Analysis of the mutations caused by metabolically activated BP revealed predominantly frameshifts (–1) and substitutions at guanine nucleotides. Peculiarly, the base 5′ to the BP-dG adduct determined the base incorporated opposite the lesion. For example, mutation of a 5′-TGC sequences results in a G=>T transversion to 5′-TTC >95% of the time.

The covalent adducts formed by BP and nucleic acid bases block the enzymatic synthesis of DNA. The high-fidelity DNA polymerases used to replicate genomic DNA generally cannot bypass bulky adducts like those formed by BP epoxides. However, the more error-prone Y-family DNA polymerases can bypass such lesions.

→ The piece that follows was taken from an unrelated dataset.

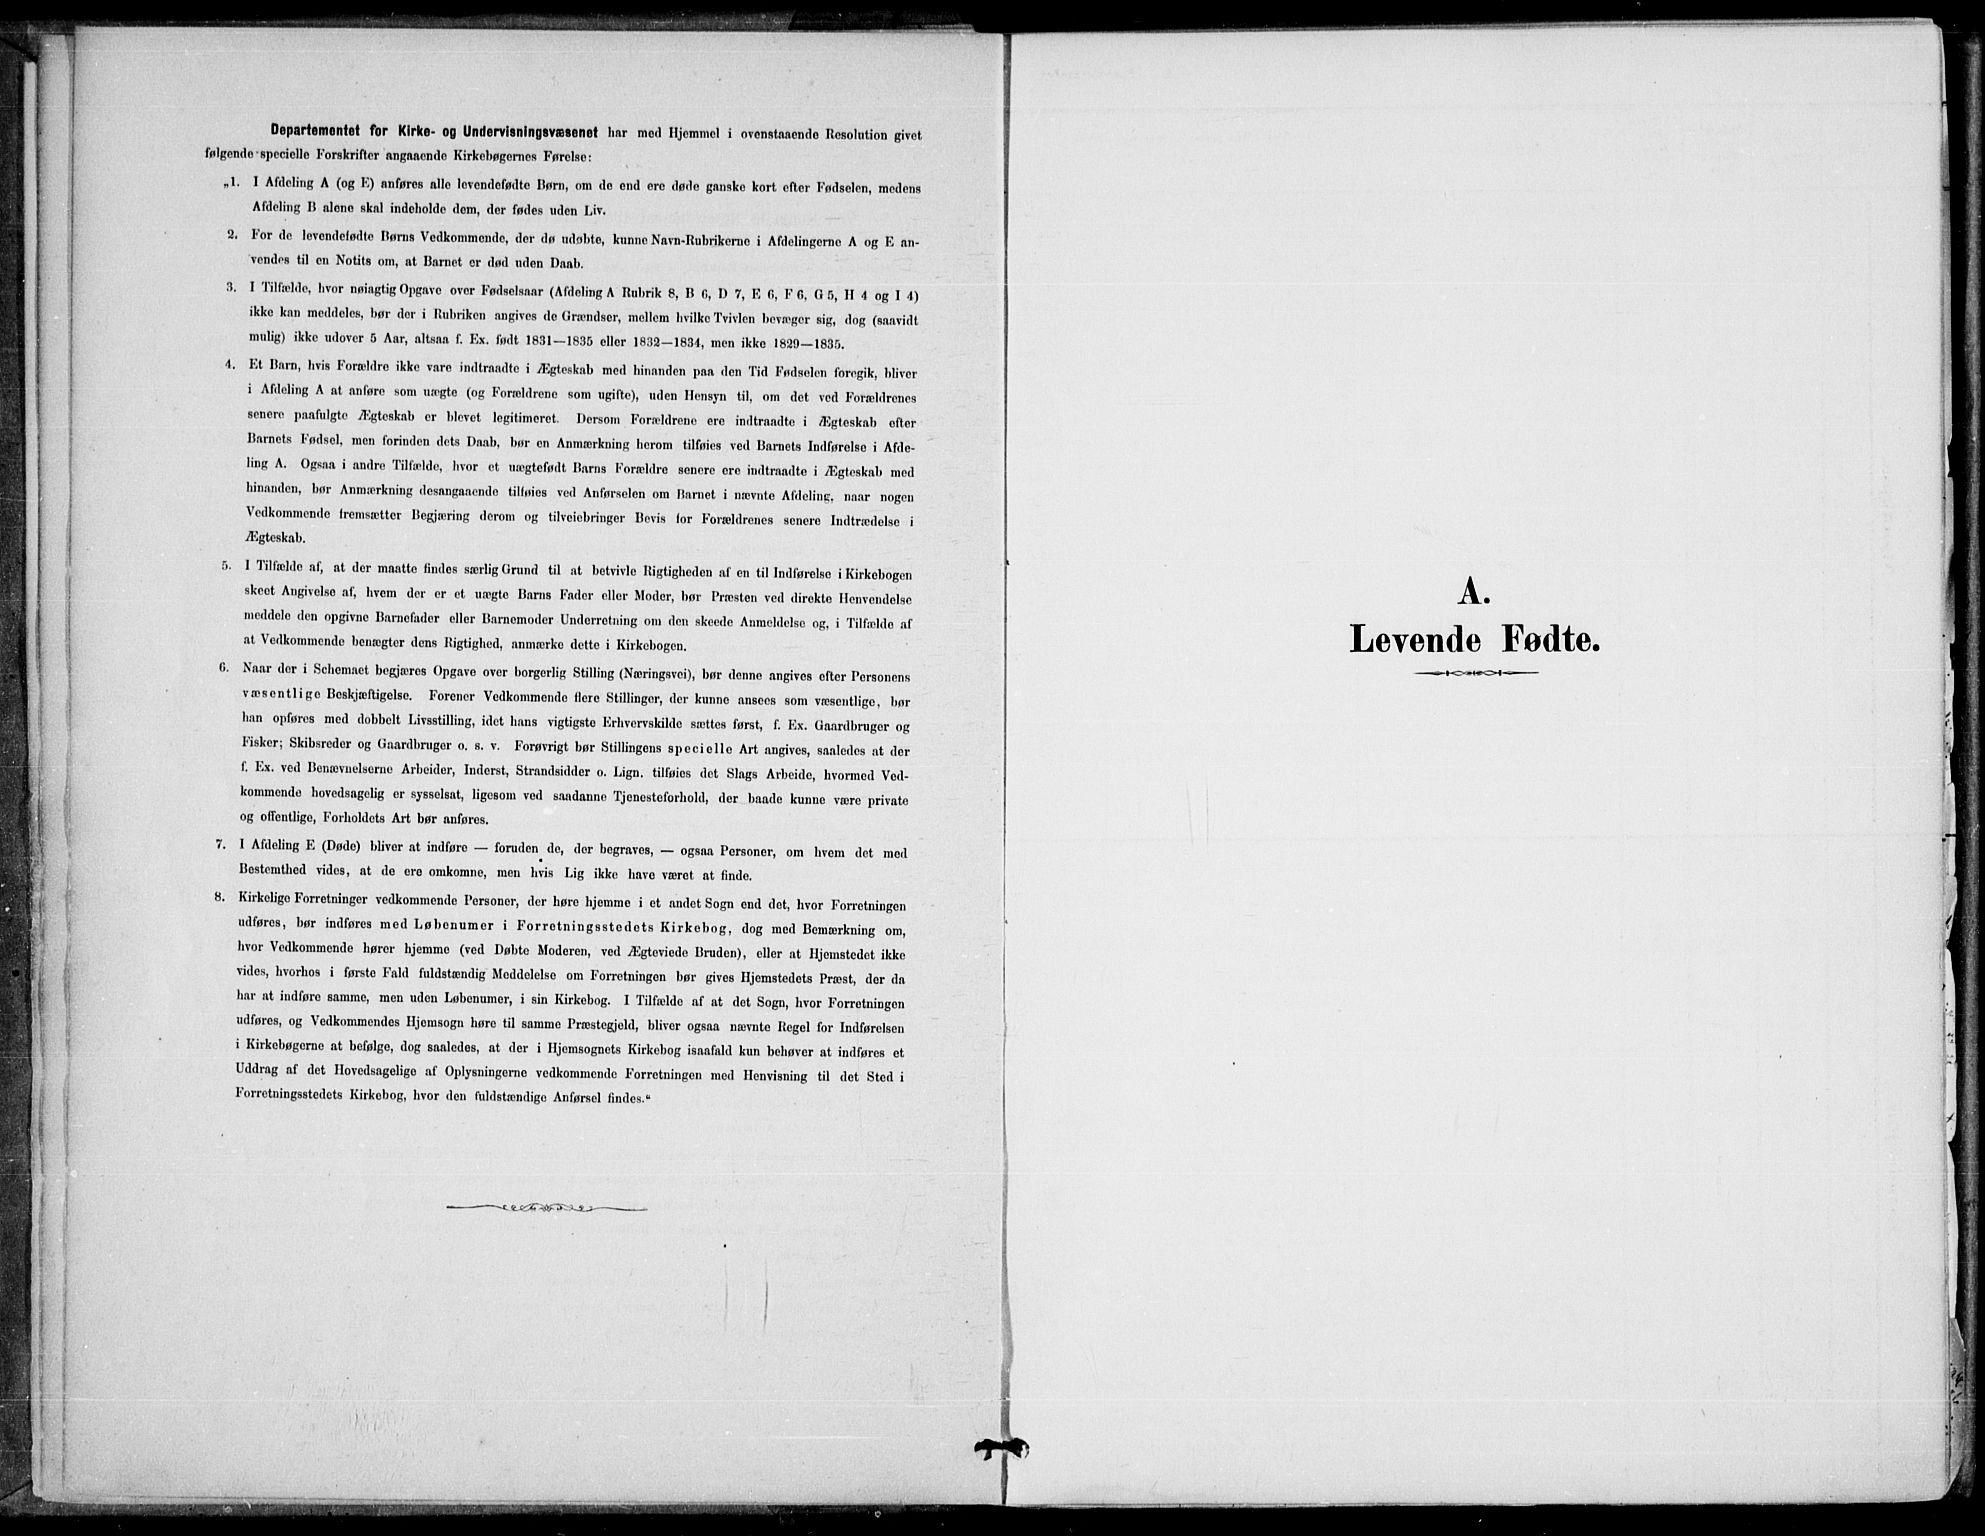 SAT, Ministerialprotokoller, klokkerbøker og fødselsregistre - Nordland, 825/L0362: Ministerialbok nr. 825A16, 1886-1908

X-ray crystallography in the early twenty-first century revealed the structure of a BP-DNA adduct together with an active DNA polymerase and dATP. Three different structures were seen, presumably representing intermediates in trans-lesion DNA synthesis. In the first (Fig. 10A,D), the BP ring is stacked between two adjacent bases within the DNA double helix, thereby blocking DNA synthesis. In the second (Fig. 10B,E), the BP-dG adduct has flipped out of the DNA helix into a hydrophobic pocket within the polymerase. This permits the polymerase to add the next nucleotide to the primer strand using the base (T) adjacent to the BP-dG on the template strand to determine the next nucleotide added to the primer strand. The result is insertion of an A instead of a C. When the new strand itself is eventually replicated, this will result in the G=>T transversion typical of BP-induced mutagenesis. The ability of the Y-family polymerase to accommodate a flipped-out hydrophobic adduct appears to permit DNA synthesis to proceed beyond the BP-dG adduct. The third structure explains the –1 frameshift mutations also caused in vivo by BP (Fig. 10C,F). These crystallographic studies finally revealed in precise molecular detail how the chimney sweeps’ cancers described by Percival Pott in 1775 were caused by the soot in which they toiled.

Figure 10.

The hydrophobic BP-DNA adduct prefers to intercalate between the hydrophobic bases of the DNA double helix (A,D). However, a hydrophobic pocket peculiar to the Y-family DNA polymerases flips the BP-DNA adduct out of the double helix (B,C,E,F), thereby permitting bypass synthesis. (Reprinted, with permission, from Bauer J, et al. 2007. Proc Natl Acad Sci 104: 14905–14910, © National Academy of Sciences, USA.)